▶ **MATERIAL PROVIDED**
***

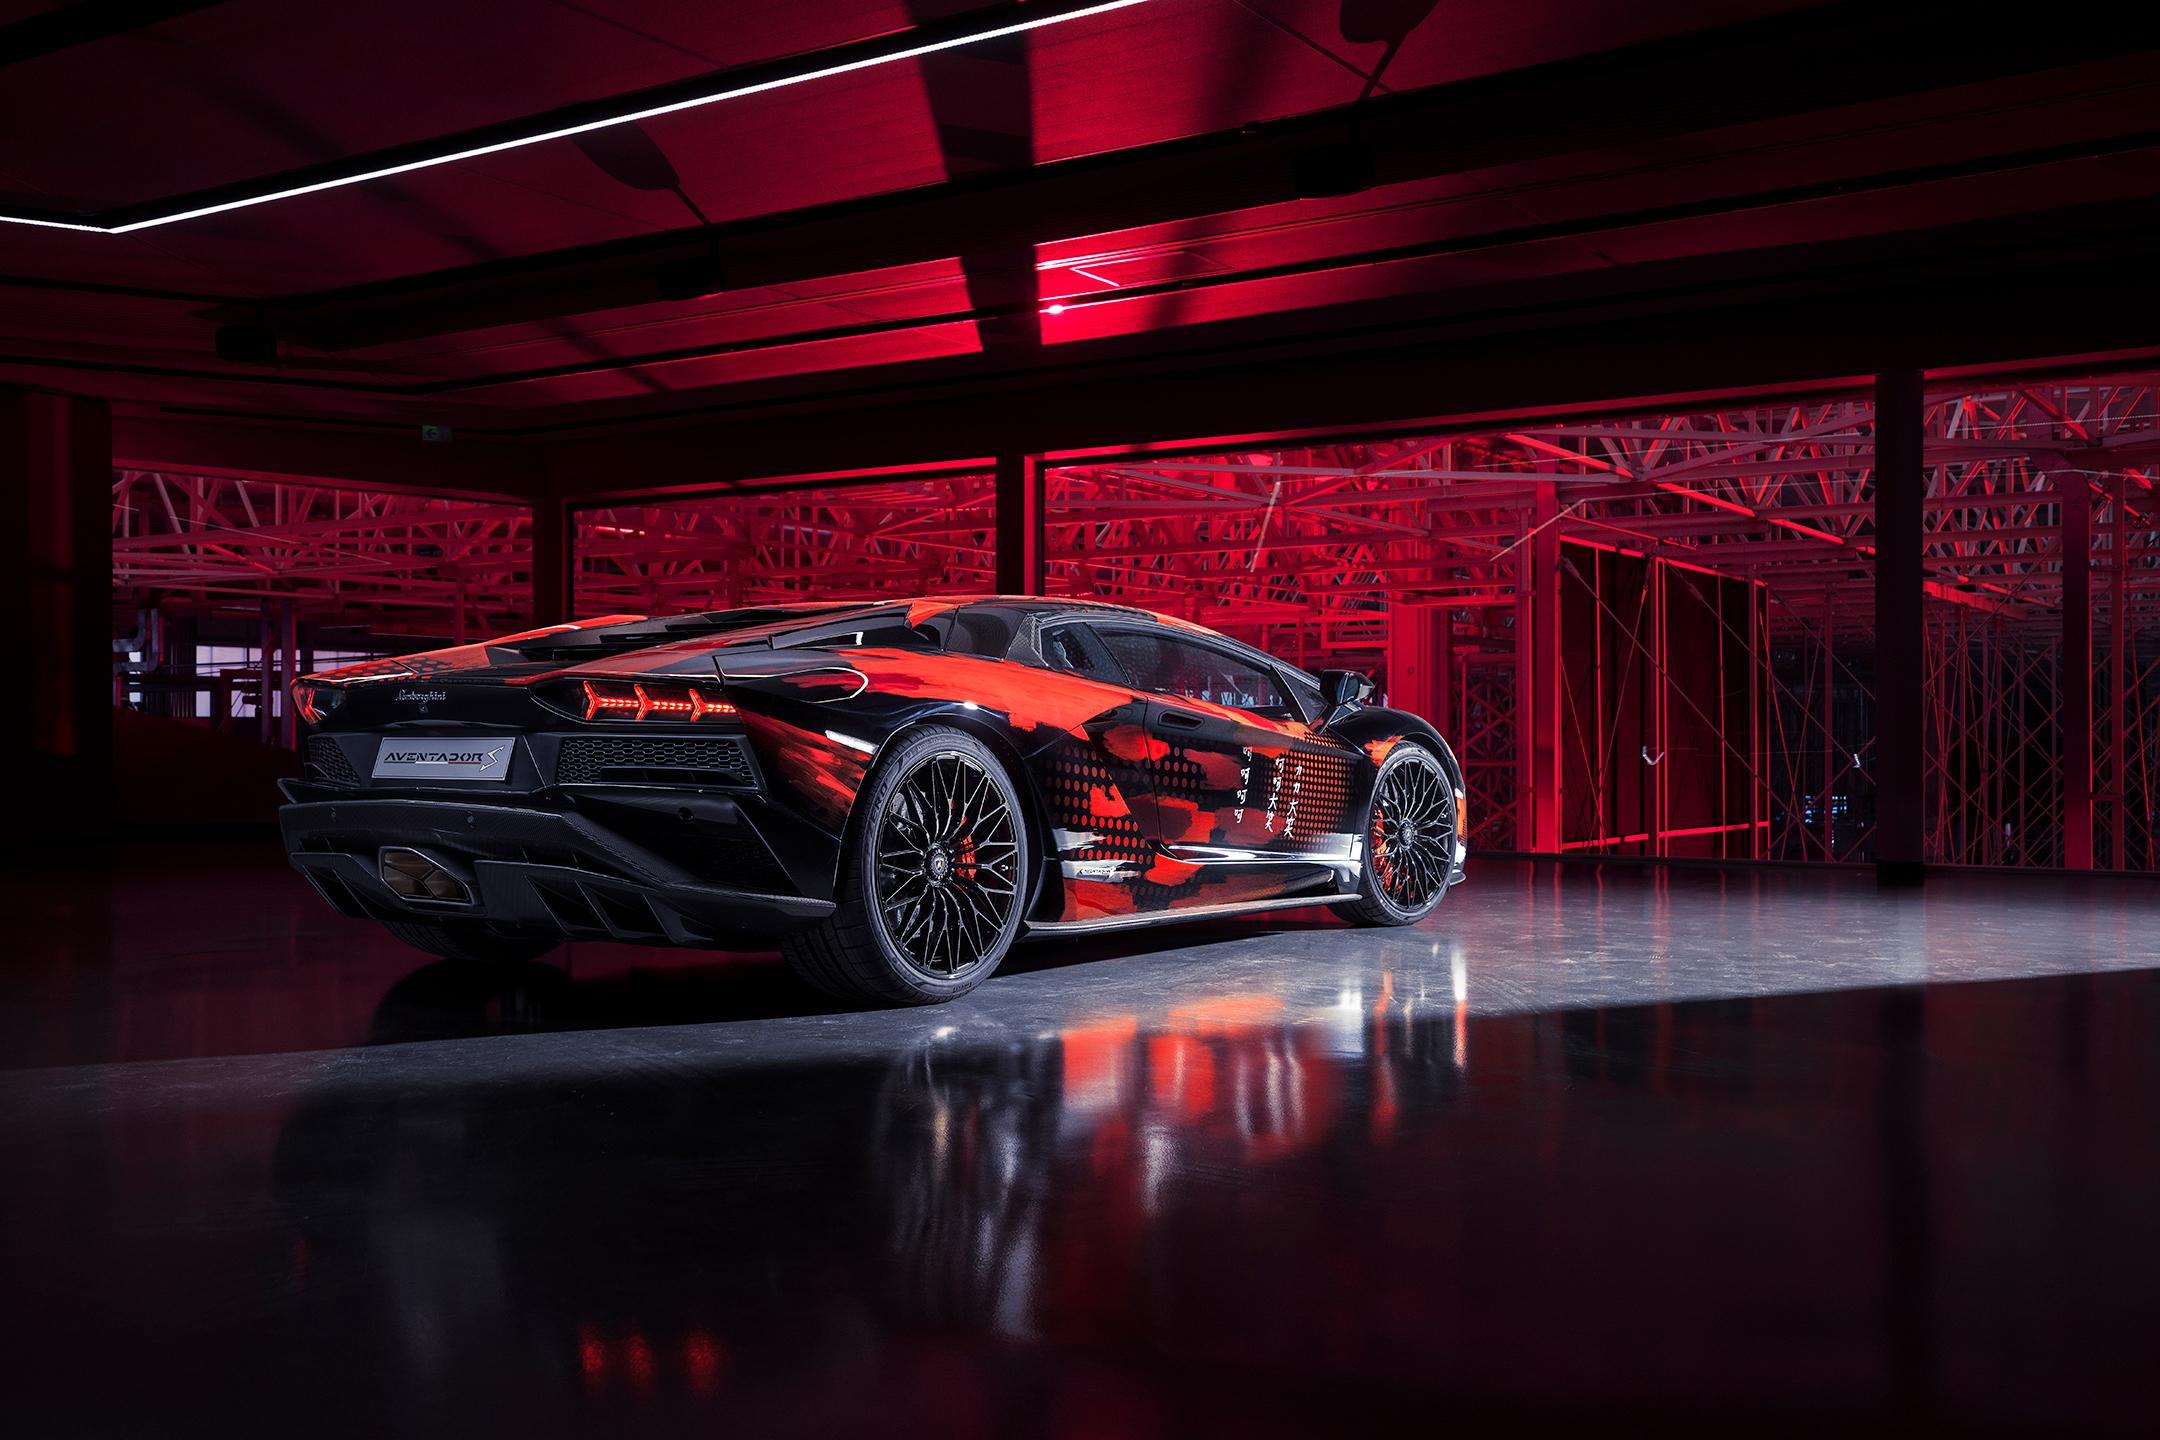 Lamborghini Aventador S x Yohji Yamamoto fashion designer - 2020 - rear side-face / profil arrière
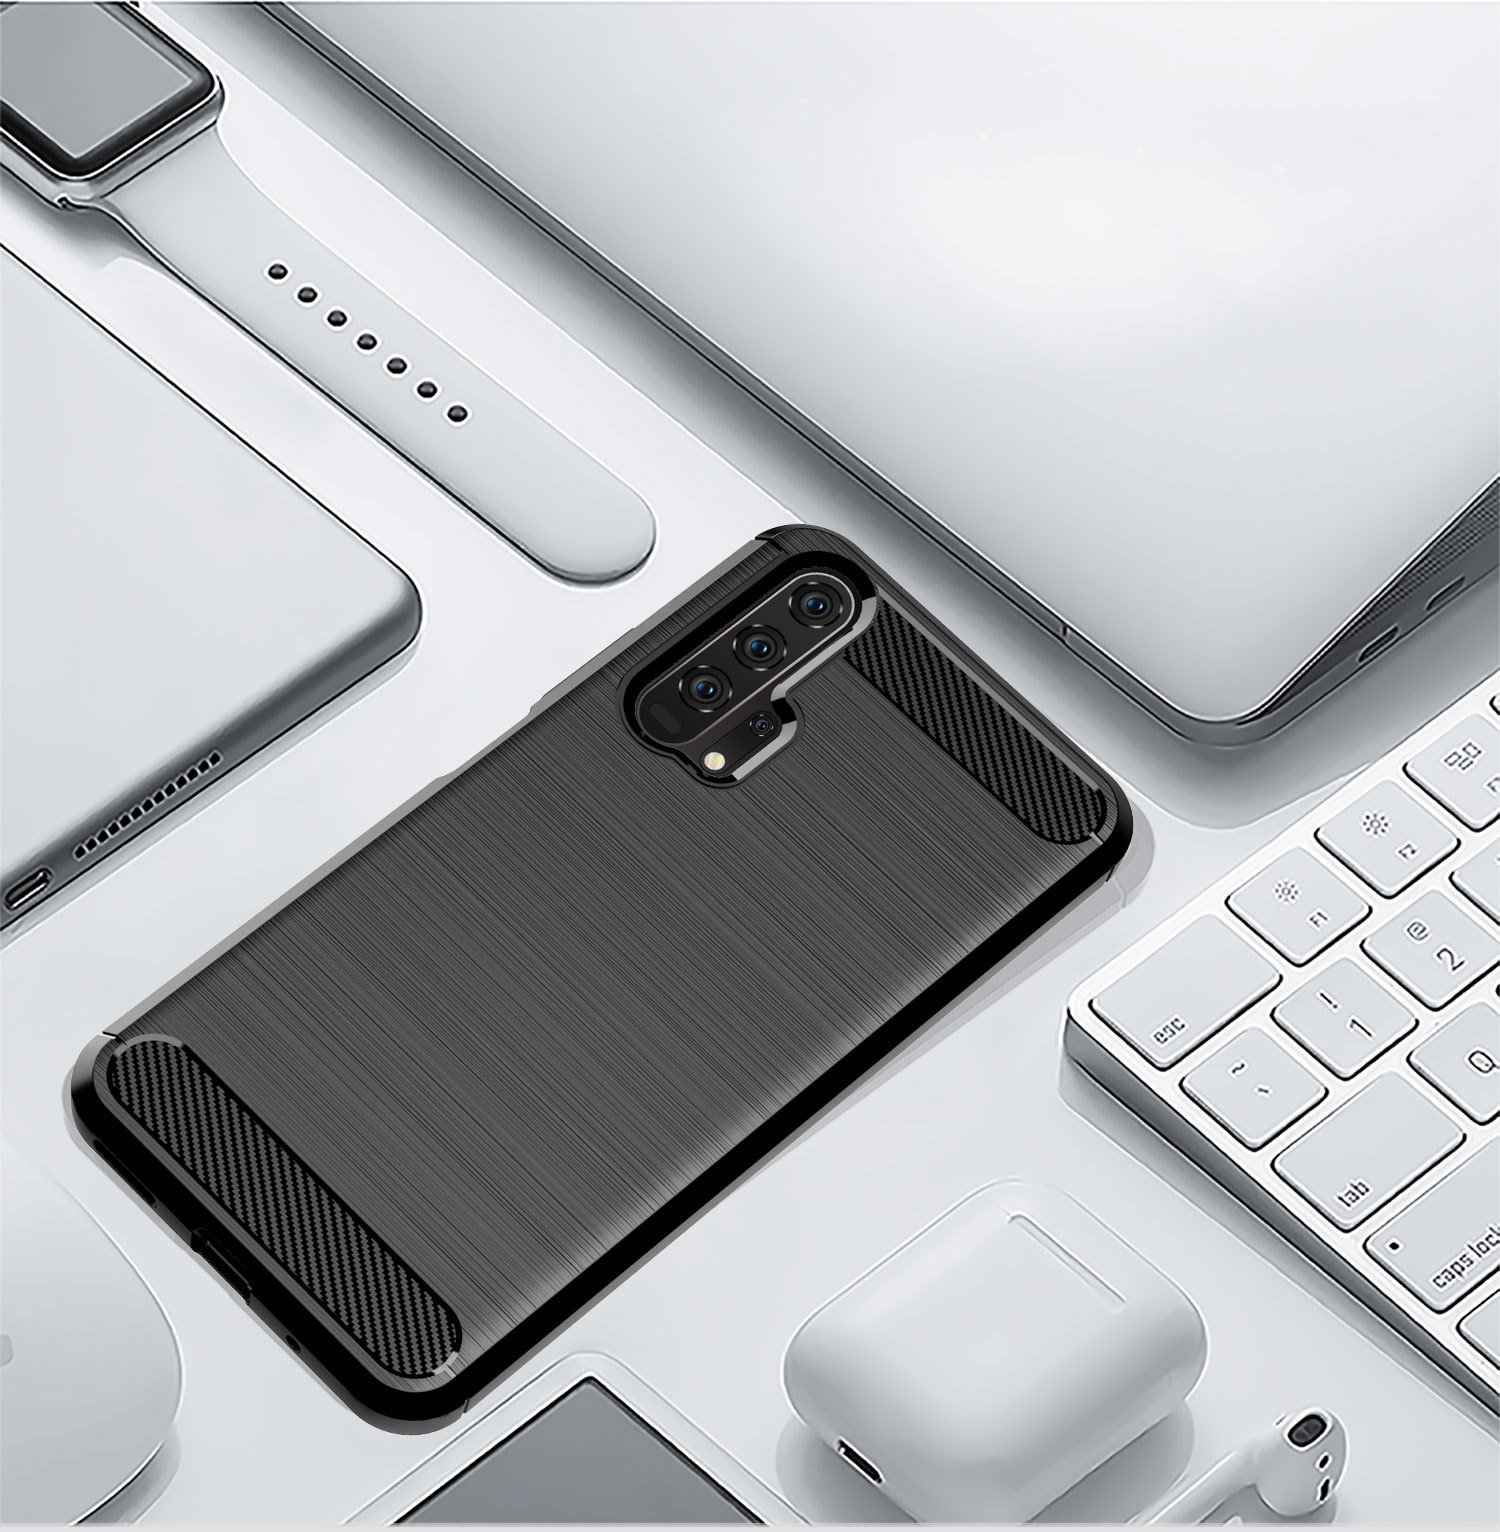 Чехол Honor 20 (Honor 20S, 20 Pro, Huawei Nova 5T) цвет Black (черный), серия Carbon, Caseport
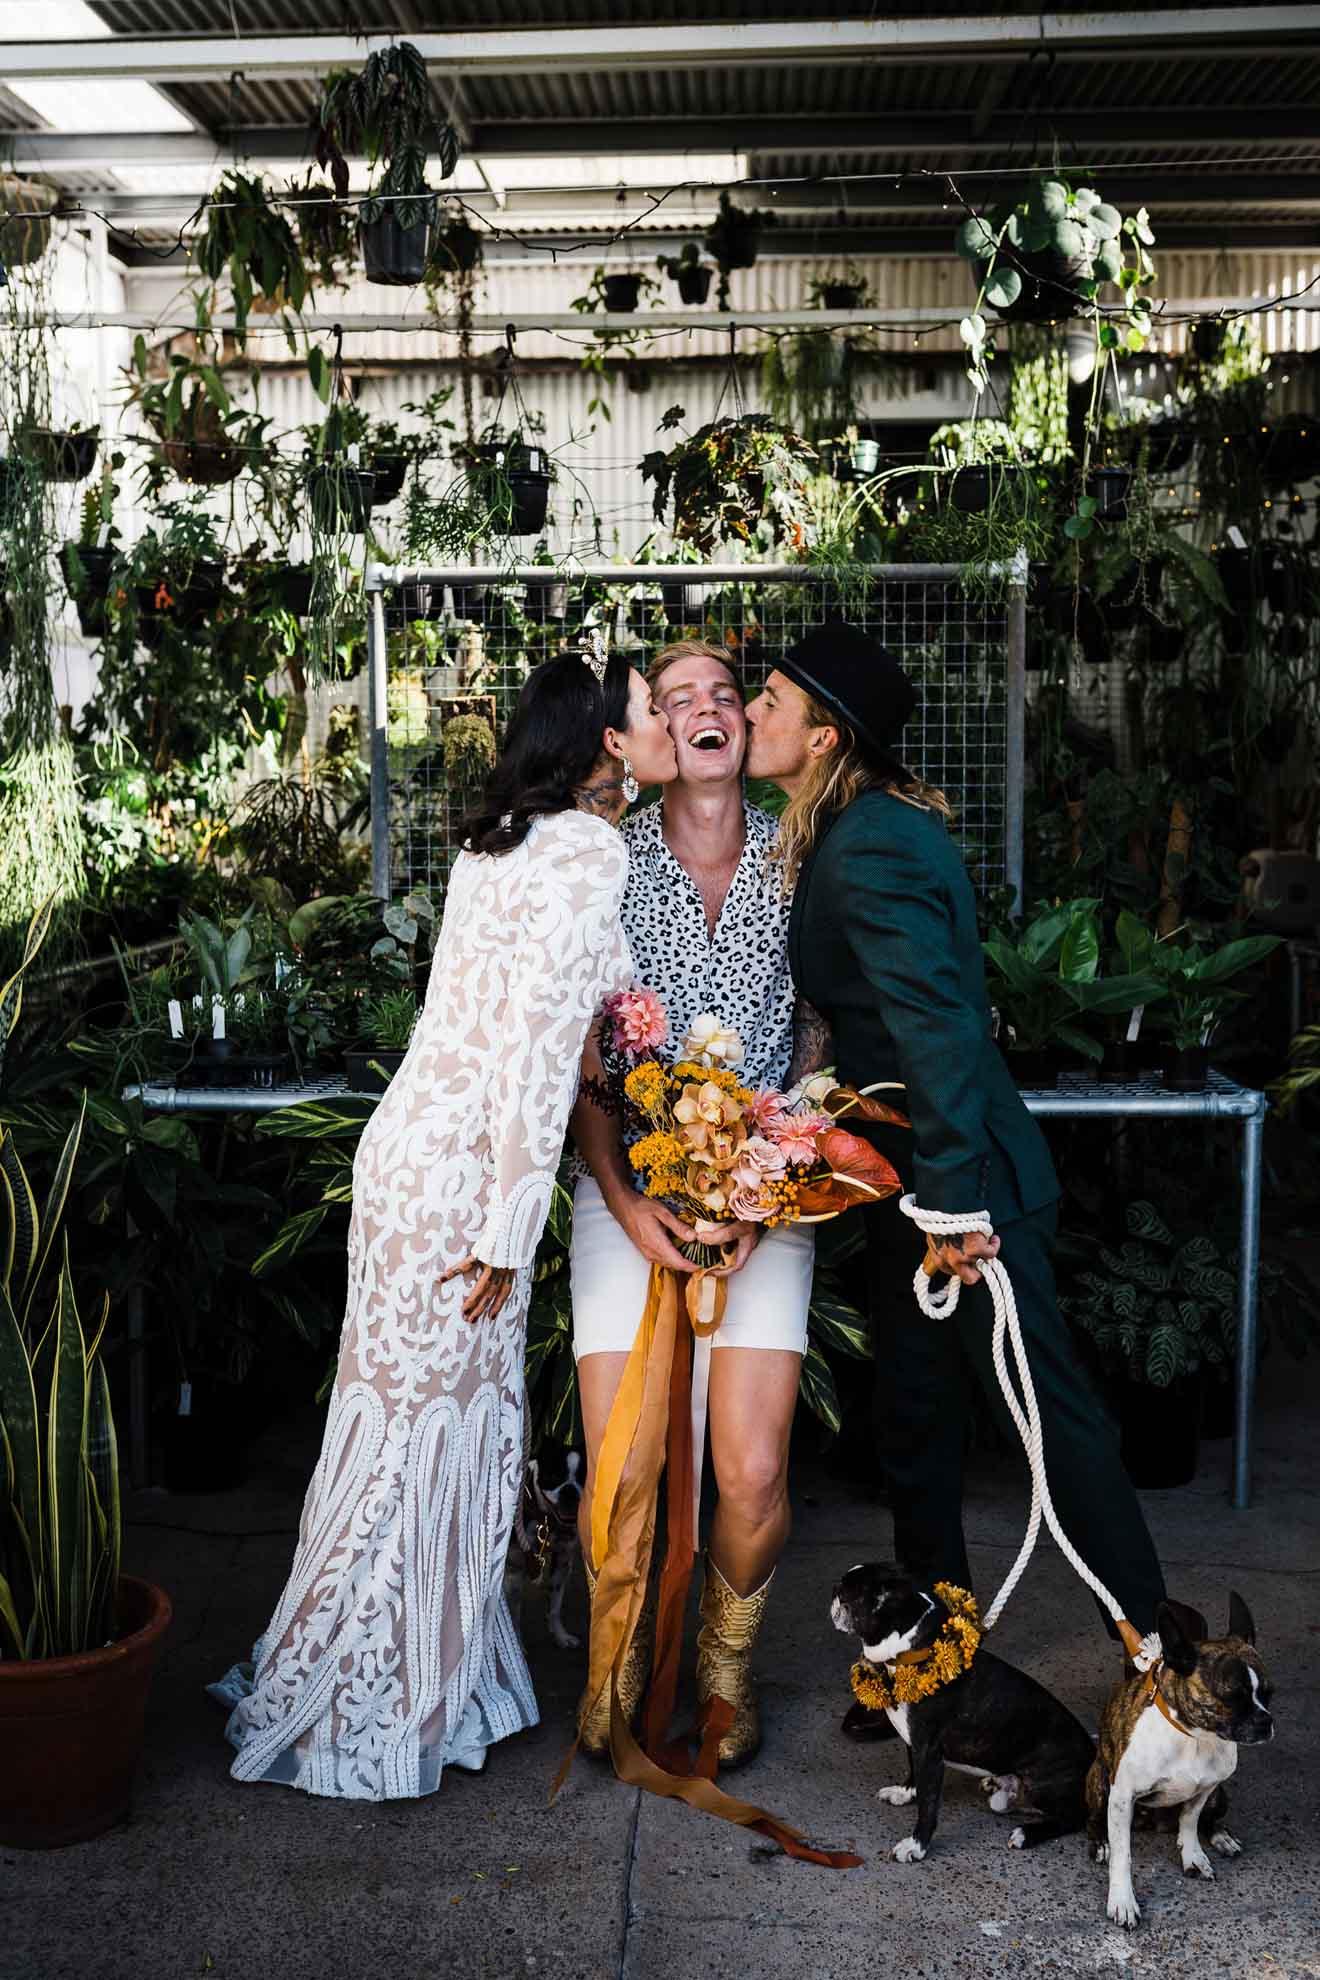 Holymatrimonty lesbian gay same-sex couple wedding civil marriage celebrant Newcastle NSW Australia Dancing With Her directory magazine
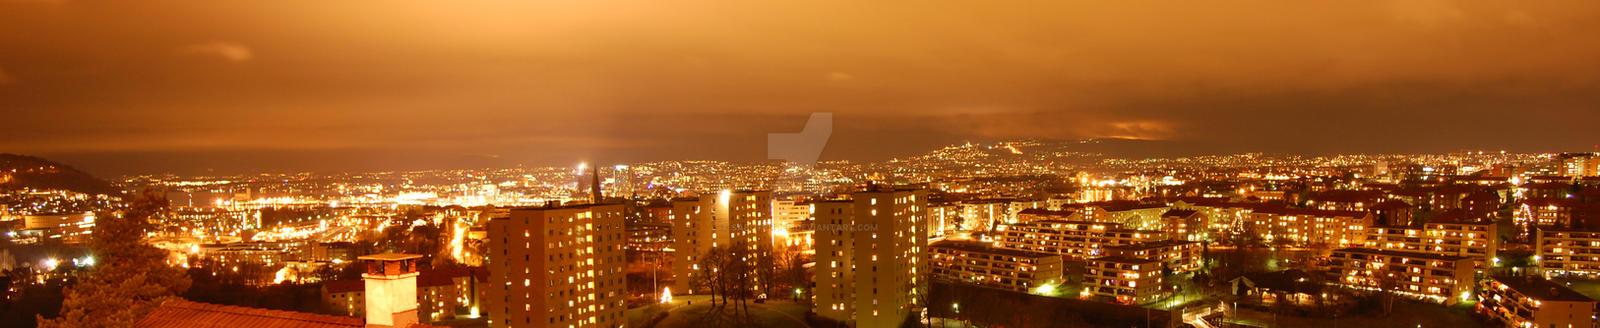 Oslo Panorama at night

***

▶ **THE PROBLEM**
Begin with the line holding "Чехол Honor 20" and end with the last line of the listing. Reproduce each of those lines exactly, and leave every picture out.

▶ **EXERCISE SOLUTION**
 Чехол Honor 20 (Honor 20S, 20 Pro, Huawei Nova 5T) цвет Black (черный), серия Carbon, Caseport
 Holymatrimonty lesbian gay same-sex couple wedding civil marriage celebrant Newcastle NSW Australia Dancing With Her directory magazine
 Oslo Panorama at night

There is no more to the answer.